Download or read book Phenomics written by John Doonan and published by Frontiers Media SA. This book was released on 2018-11-08 with total page 222 pages. Available in PDF, EPUB and Kindle. Book excerpt: "Phenomics" is an emerging area of research whose aspiration is the systematic measurement of the physical, physiological and biochemical traits (the phenome) belonging to a given individual or collection of individuals. Non-destructive or minimally invasive techniques allow repeated measurements across time to follow phenotypes as a function of developmental time.
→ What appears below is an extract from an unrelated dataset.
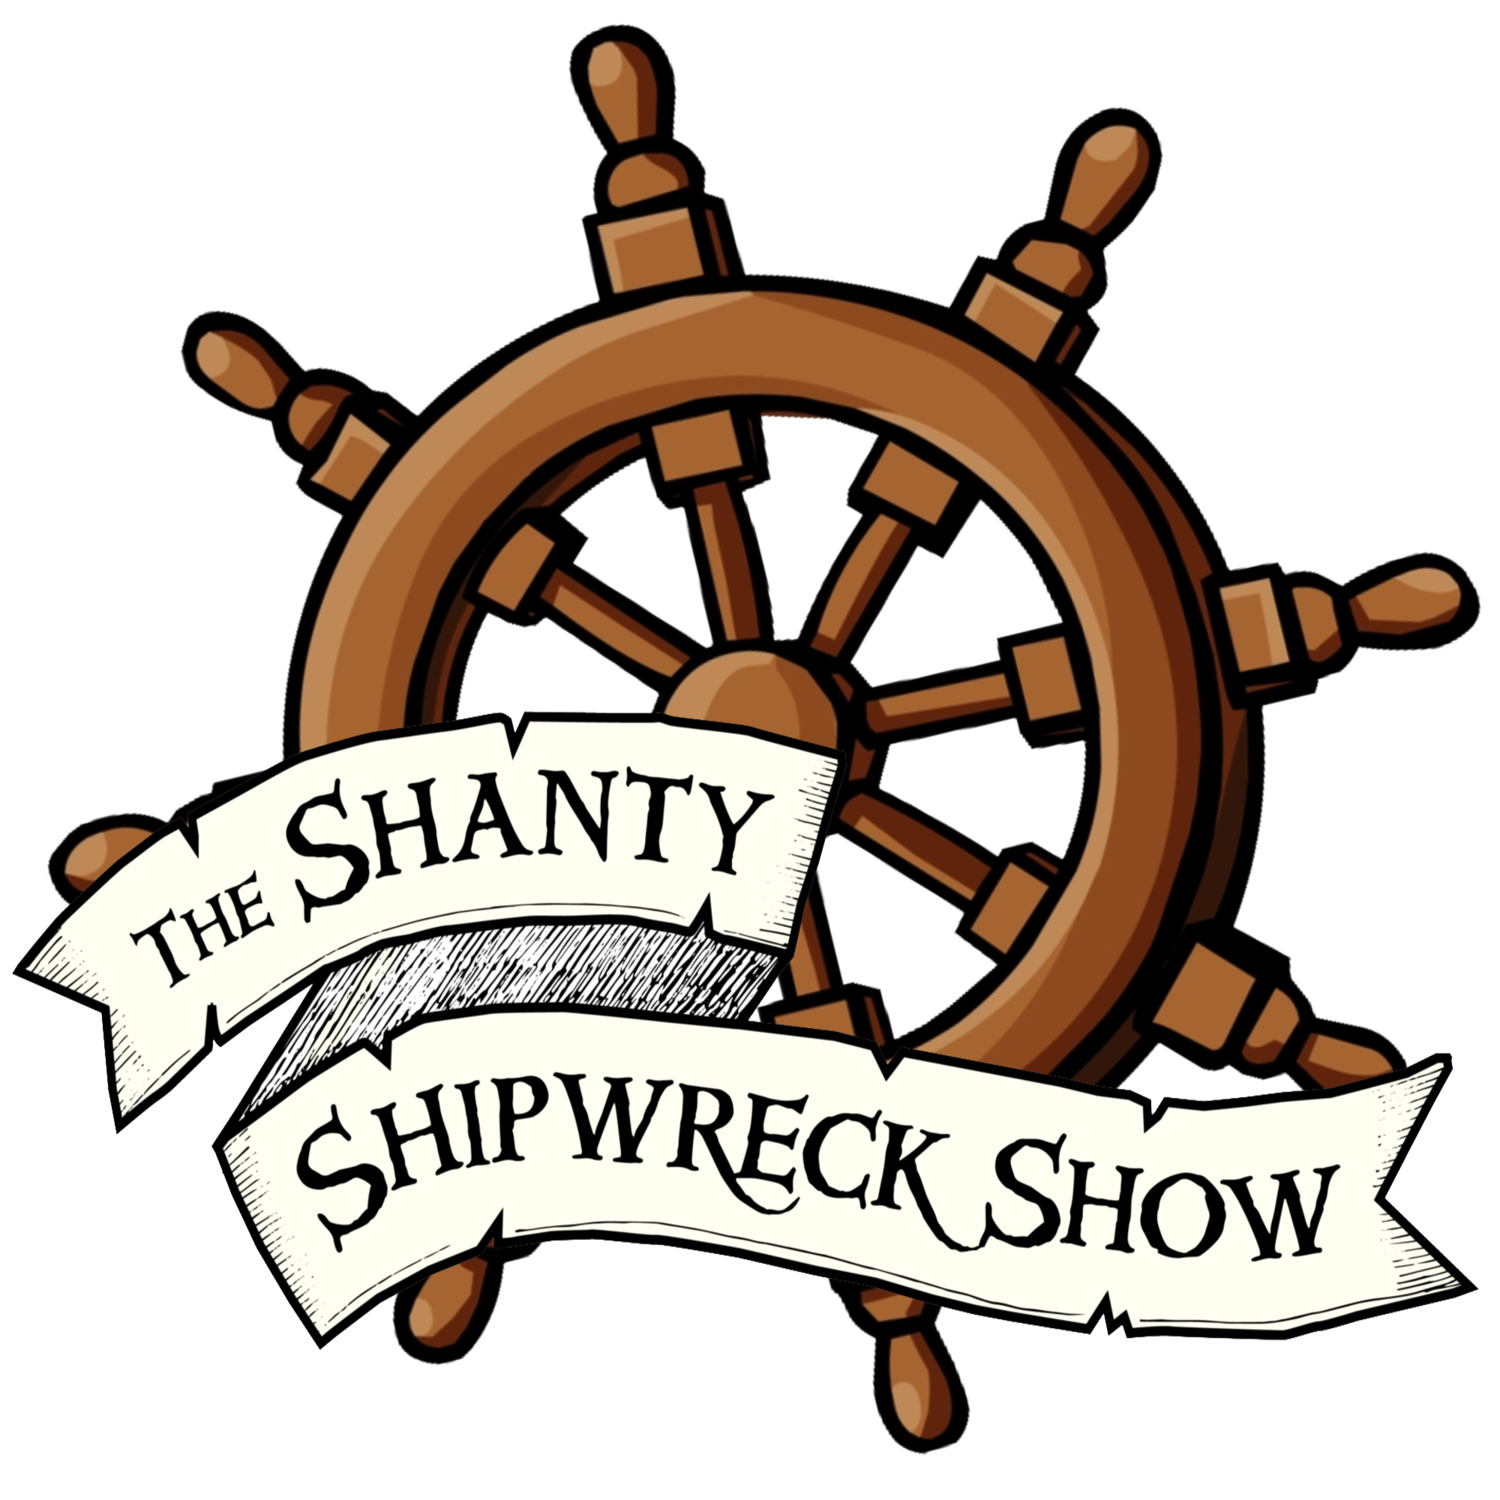 The Shanty Shipwreck Show

These longitudinal traits promise new insights into the ways in which crops respond to their environment including how they are managed. To maximize the benefit, these approaches should ideally be scalable so that large populations in multiple environments can be sampled repeatedly at reasonable cost. Thus, the development and validation of non-contact sensing technologies remains an area of intensive activity that ranges from Remote Sensing of crops within the landscape to high resolution at the subcellular level. Integration of this potentially highly dimensional data and linking it with variation at the genetic level is an ongoing challenge that promises to release the potential of both established and under-exploited crops.
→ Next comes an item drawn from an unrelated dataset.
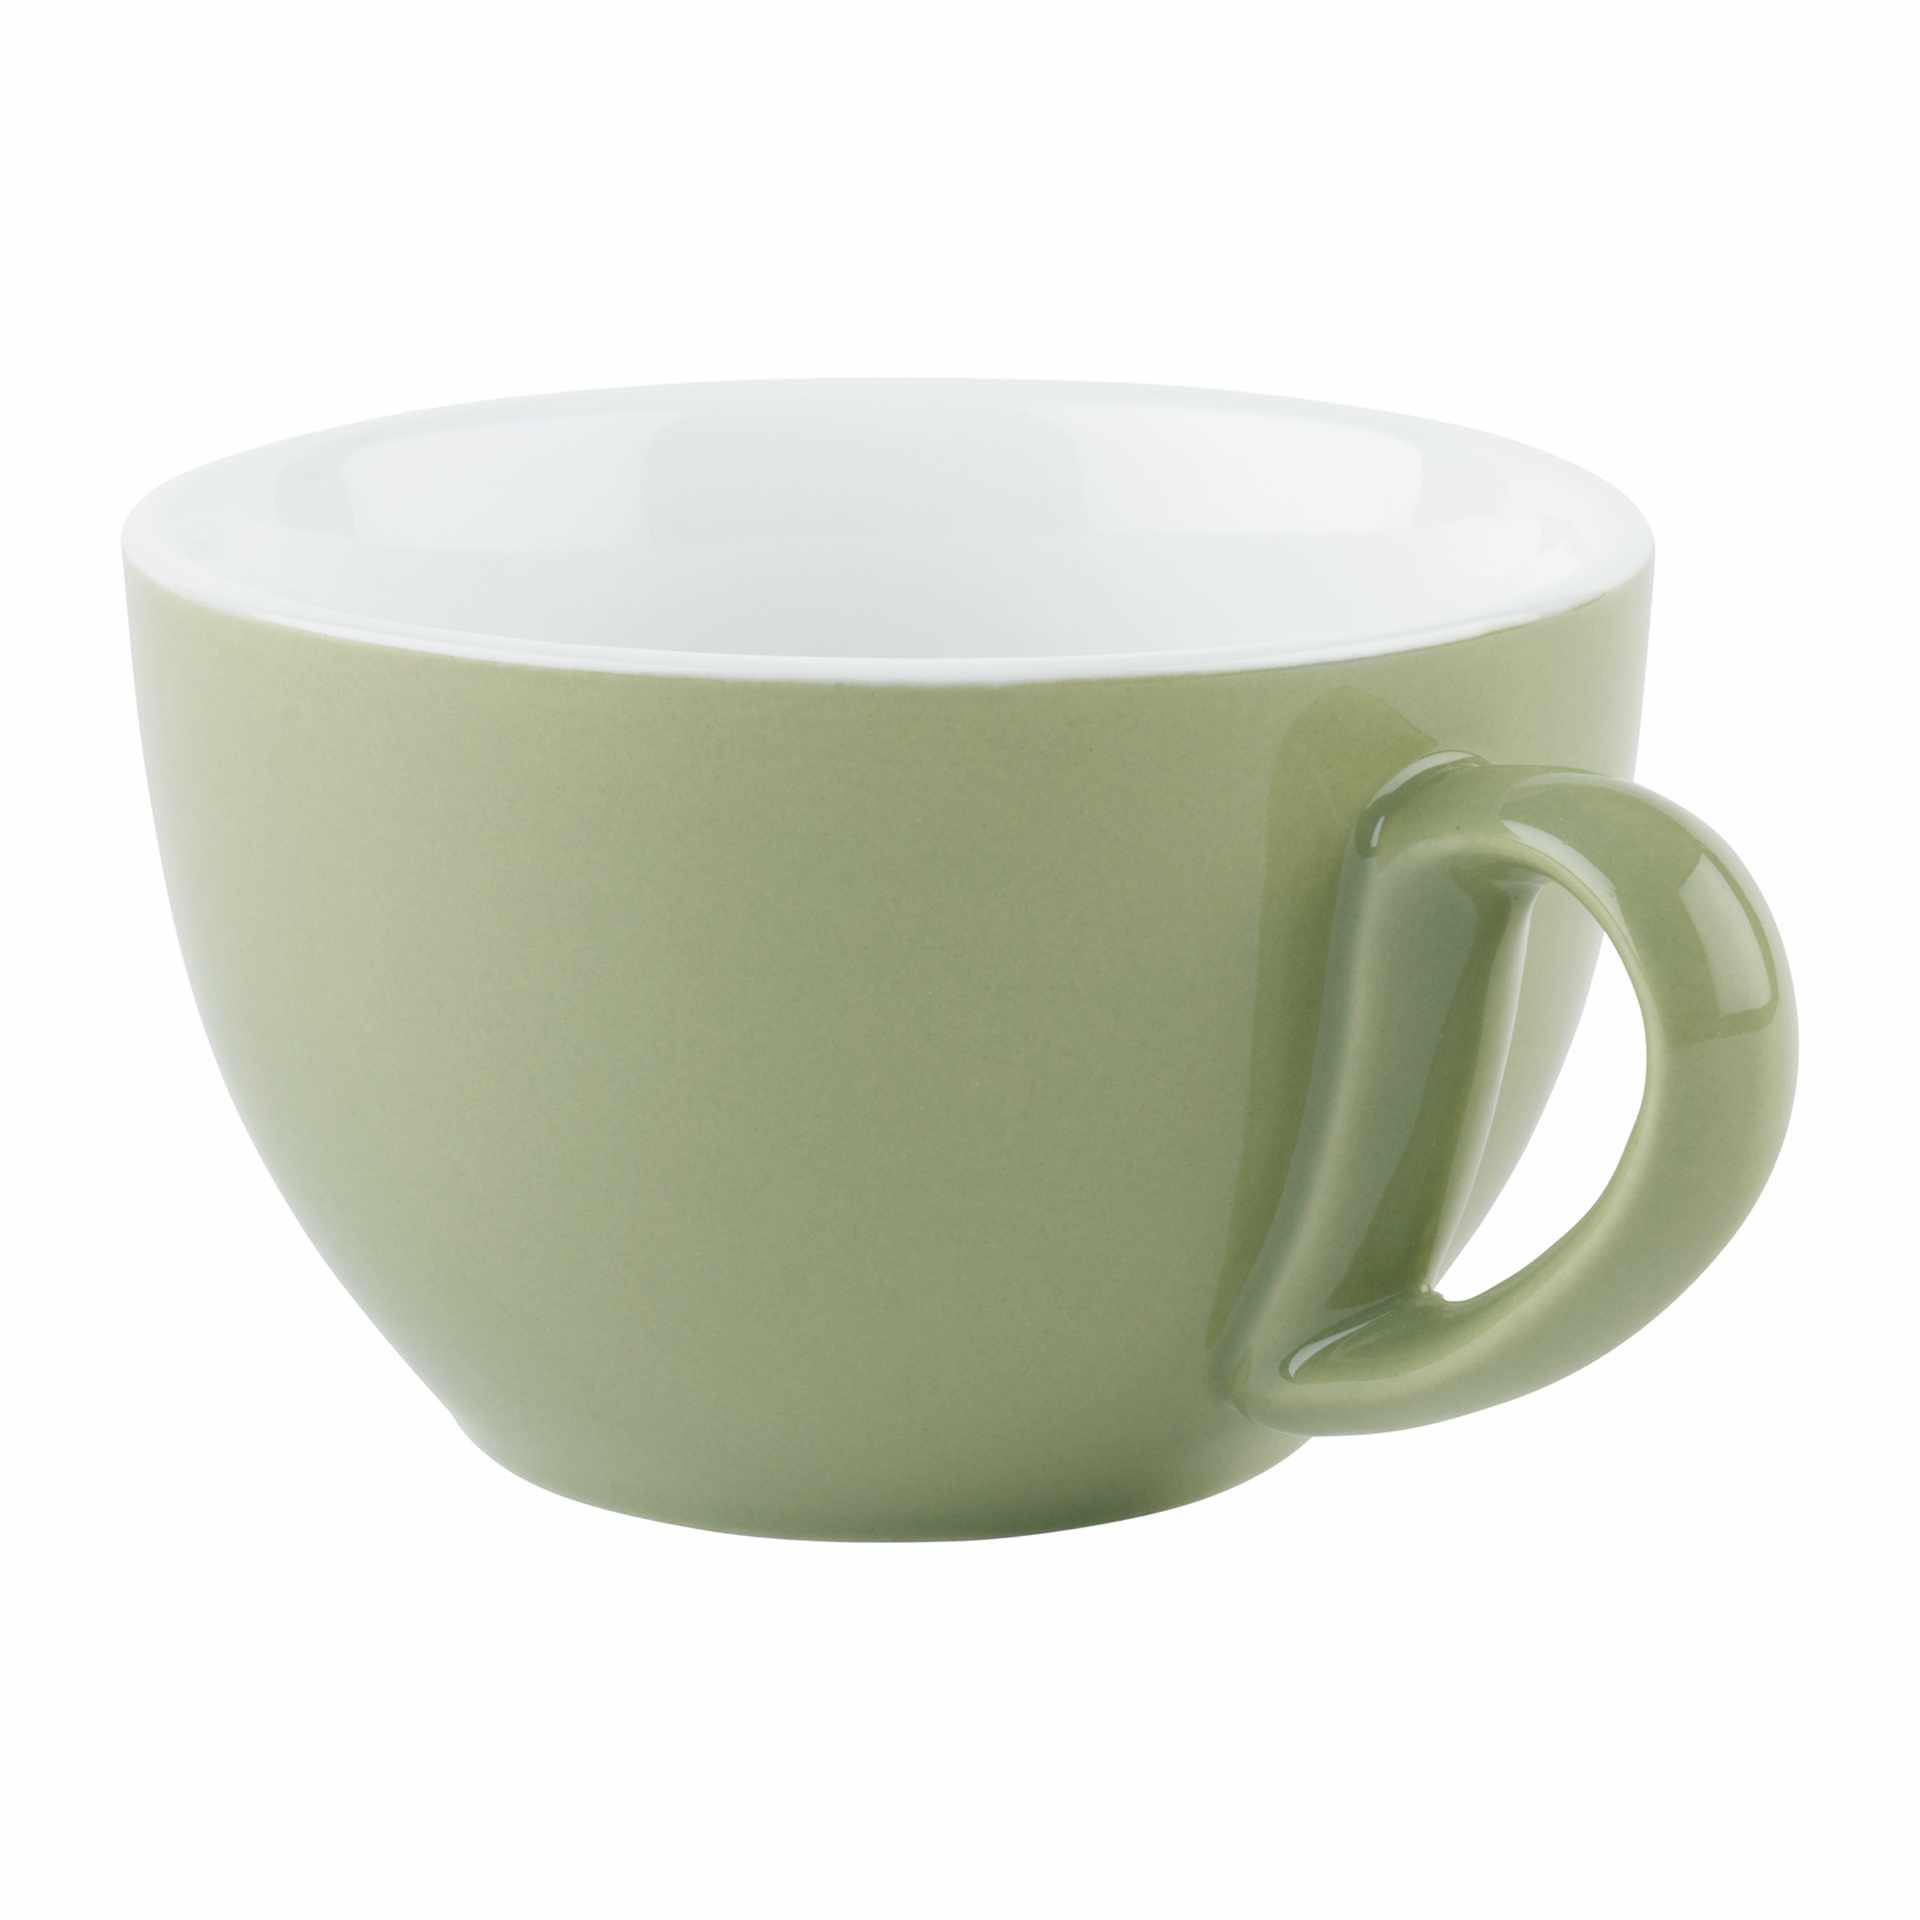 Cappuccino-Tasse - Serie Snug - grün - Höhe 6,5 cm - Ø 10,5 cm - Inhalt 0,30 l - Porzellan - 16007-B

Book State of the art Technology and Applications in Crop Phenomics

Download or read book State of the art Technology and Applications in Crop Phenomics written by Wanneng Yang and published by Frontiers Media SA. This book was released on 2021-12-01 with total page 267 pages. Available in PDF, EPUB and Kindle. Book excerpt:

Book IPPS 2022   Plant Phenotyping for a Sustainable Future

Download or read book IPPS 2022 Plant Phenotyping for a Sustainable Future written by Ulrich Schurr and published by Frontiers Media SA. This book was released on 2024-03-06 with total page 191 pages. Available in PDF, EPUB and Kindle. Book excerpt:

Book TILLING and Eco TILLING for Crop Improvement

Download or read book TILLING and Eco TILLING for Crop Improvement written by Anjanabha Bhattacharya and published by Springer Nature. This book was released on 2023-07-10 with total page 248 pages. Available in PDF, EPUB and Kindle. Book excerpt: This edited book is a comprehensive compilation of deliberations in the field of agriculture, food security, climate resilient crops and on the relevance of the popular TILLING technique in the era of precise genome editing (CRISPR/Cas9). This book particularly deliberates on new developments in this field, such as, induced mutagenesis techniques, mutagenesis in somatic tissues, bio-informatics analysis and gene mining. This volume also focuses on next generation mutation detection techniques, exome capture, forward and reverses genetics, trait selection and, finally deliberates on the future of TILLING in plant breeding and product development. TILLING (Targeting Induced Local Lesions in Genome) is a popular molecular biology technique for detecting polymorphism in a mutagenized population. Eco-TILLING refers to natural TILLING. This technique can be applied to a wider range of crops. Products developed through TILLING are not regulated throughout the world, thus having a wider acceptance among various stakeholders. This volume is timely and looks into the updated aspects of mutagenesis, TILLING, Eco-TILLING along with OMIC tools, their amalgamated applications towards crop improvement. This book contains 11 chapters and 250 pages authored by globally reputed scientists on the field of mutagenesis, TILLING and Eco-TILLING. This book is useful for research scholars, students, teachers and scientists in the academia, policy makers, relevant public, plant breeding companies, private companies and cooperatives interested in understanding or applying mutagenesis, TILLING for editing gene of interest and develop new products in agriculture.